• [Task item]:
For the data that follows, print the line with "Перстни мужские серебро", the line with "Honda Certified Used Car 新北市首家據點開幕", and all lines between them, exactly as they stand. Omit pictures and add nothing.

• [Given records]:

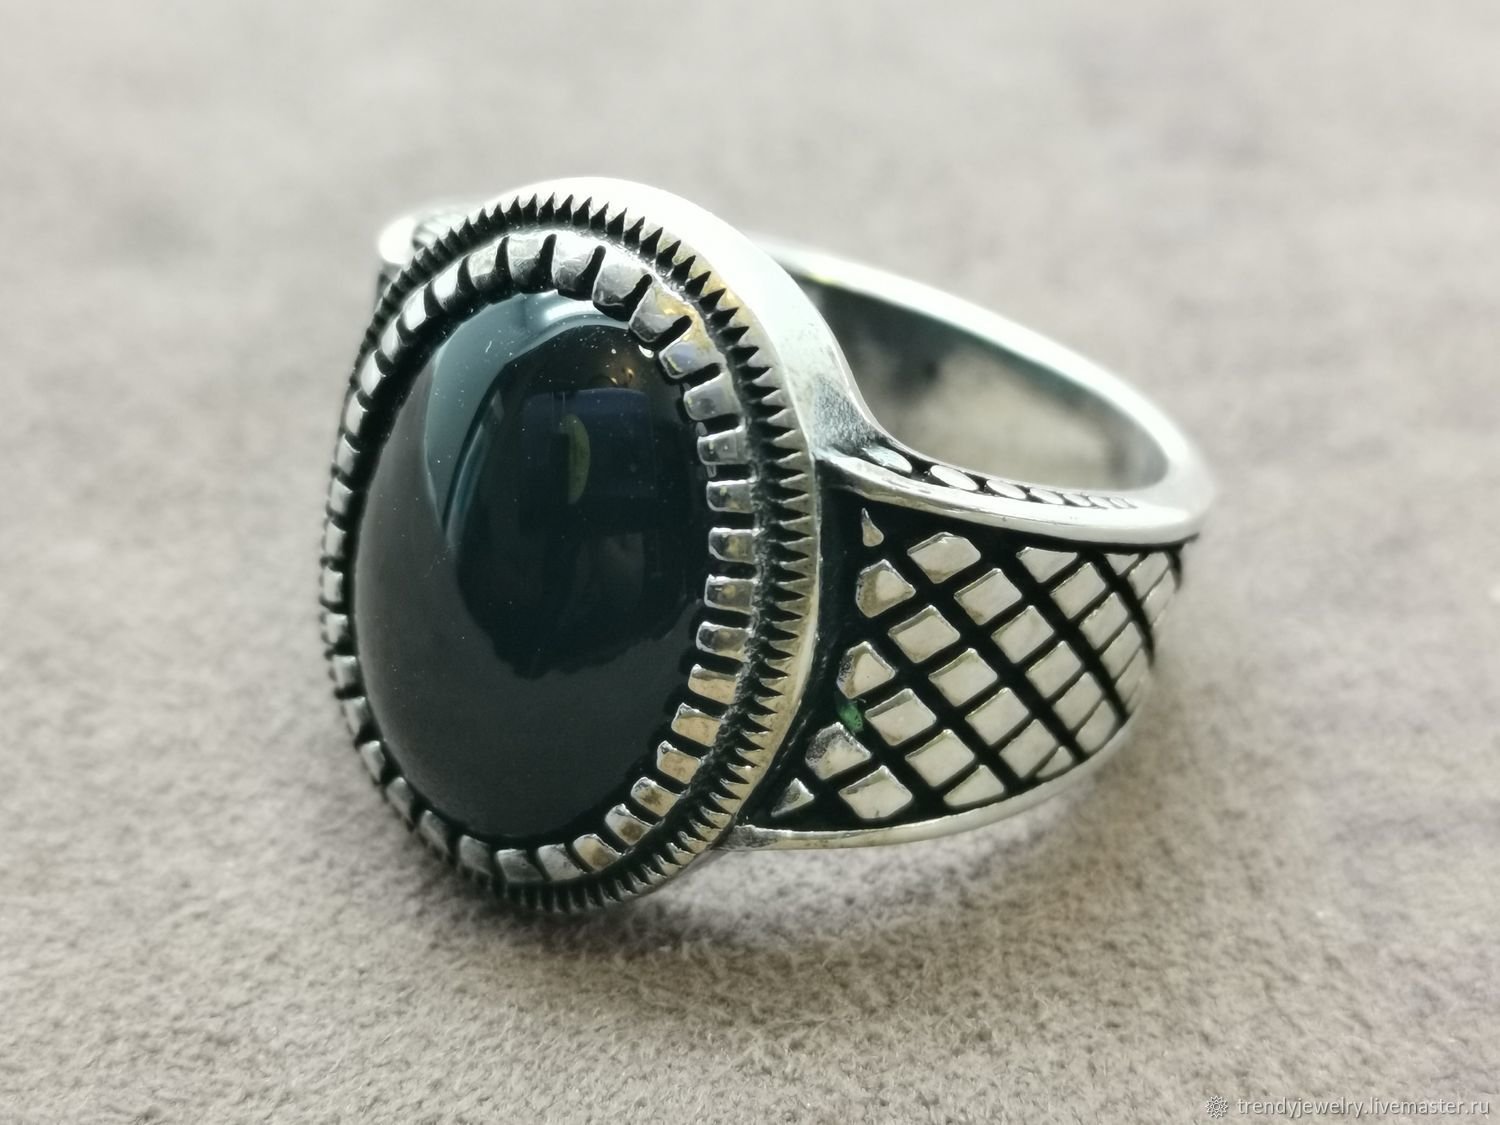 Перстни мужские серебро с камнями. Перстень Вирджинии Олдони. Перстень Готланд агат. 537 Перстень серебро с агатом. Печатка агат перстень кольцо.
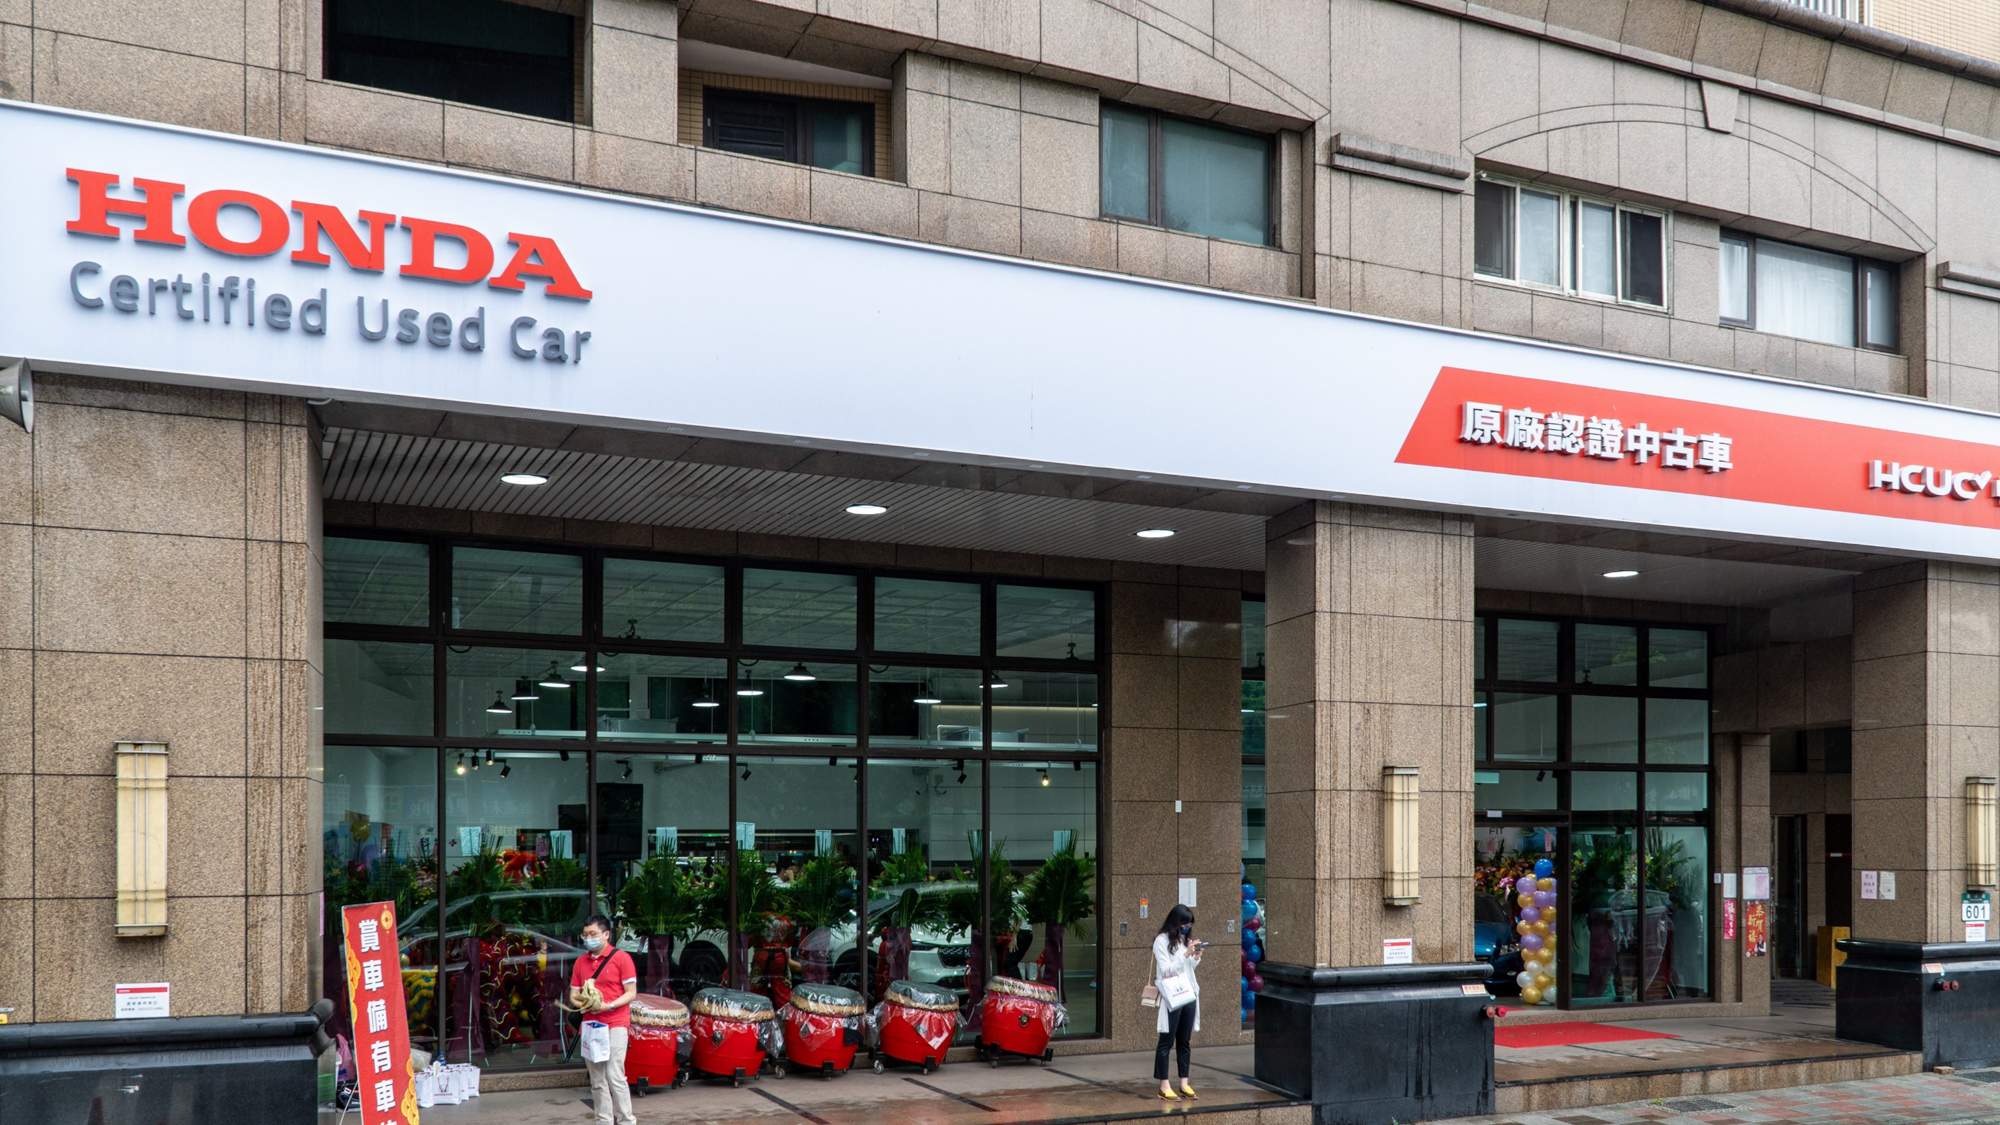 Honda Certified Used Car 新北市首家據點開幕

...

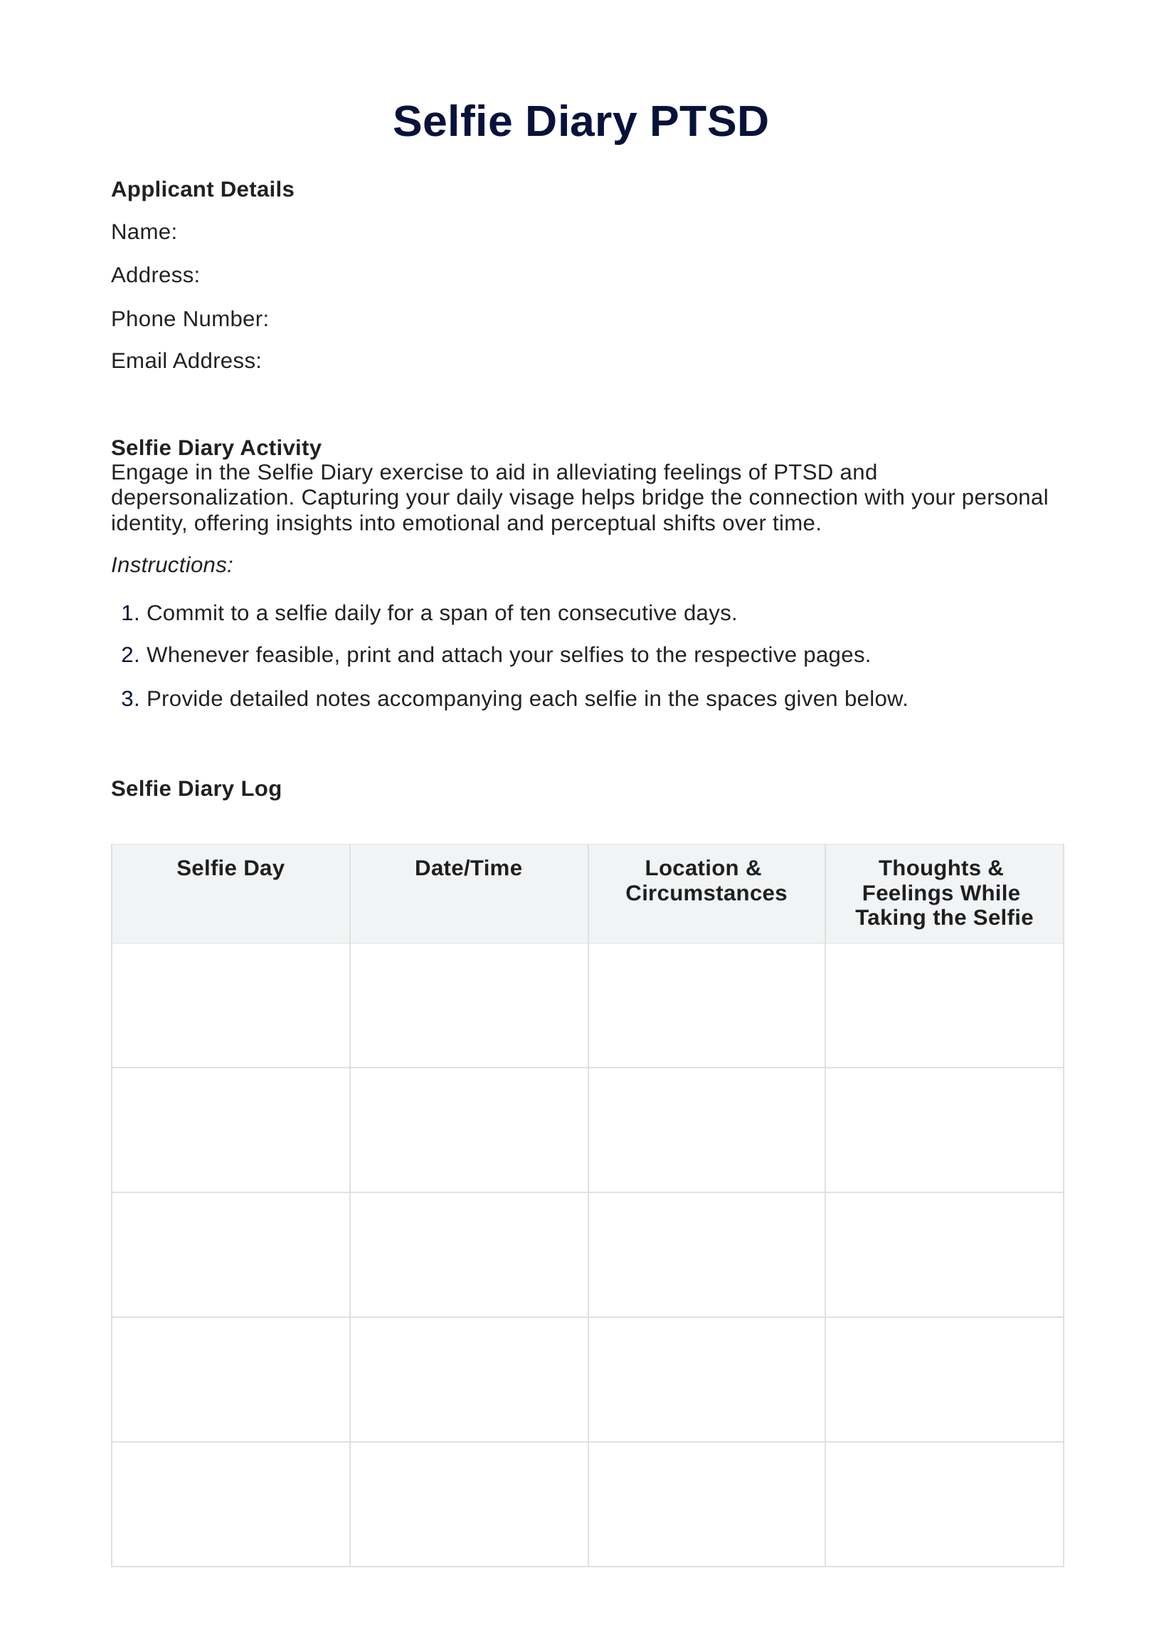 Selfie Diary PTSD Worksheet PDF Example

• [Task result]:
 Перстни мужские серебро с камнями. Перстень Вирджинии Олдони. Перстень Готланд агат. 537 Перстень серебро с агатом. Печатка агат перстень кольцо.
 Honda Certified Used Car 新北市首家據點開幕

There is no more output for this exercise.